BY ONOME AMUGE
Aluminium prices traded higher on worries about supply of the energy-intensive metal after Russia’s Gazprom, one of the largest publicly listed natural gas companies in the world, halted gas supplies to Poland and Bulgaria.
As a result, aluminium, which needs huge amounts of power in the smelting process, has seen curtailments of operations impacted by surging energy prices.
Benchmark three-month aluminium on the London Metal Exchange (LME) rose 0.9 percent to $3,120 a tonne.
Gianclaudio Torlizzi, partner at consultancy T-Commodity in Milan, Italy, said increasing tension over the energy sector will continue to offer long-term support to aluminium.
Torlizzi, who posited that the fundamentals for the lightweight metal are solid, added that the termination of gas supplies to two European countries has triggered concerns that more states could be hit by similar fate, especially Germany.
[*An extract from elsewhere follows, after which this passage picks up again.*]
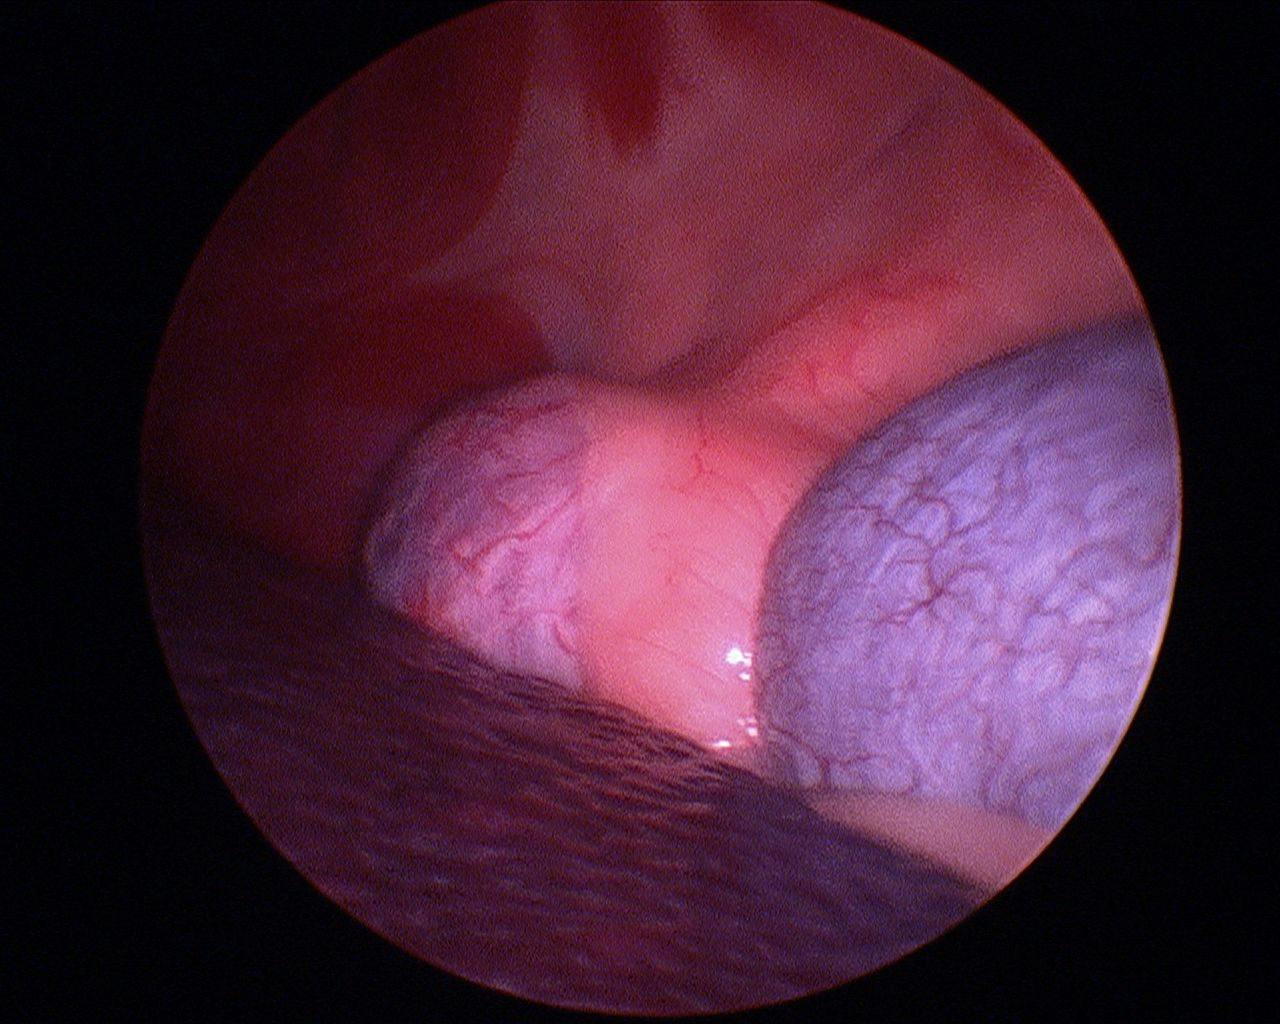 Large left adrenal tumor pictured next to the kidney prior to beginning a laparoscopic adrenalectomy.

Meanwhile, analysts observed that extended lockdowns in top metals consumer China in its battle against COVID-19, has fanned worries about overall metals demand as the country’s yuan currency slipped to nearly 17-month lows against the U.S. dollar which is currently at its strongest monthly valuation in seven years.
“A weakening yuan is bearish for base metals and there’s expectation that the yuan can weaken a bit more, so that will continue to pressure base metals,” Torlizzi said.
For the week, base metals, except aluminium, declined in low volumes, as lead lost 0.1 percent to $2,280 a tonne; zinc shed 0.1 percent to $4,216.50 a tonne; nickel slipped 0.6 percent to $33,100 a tonne; tin was down 0.2 percent to $39,915 a tonne; while copper was little changed at $9,859 a tonne.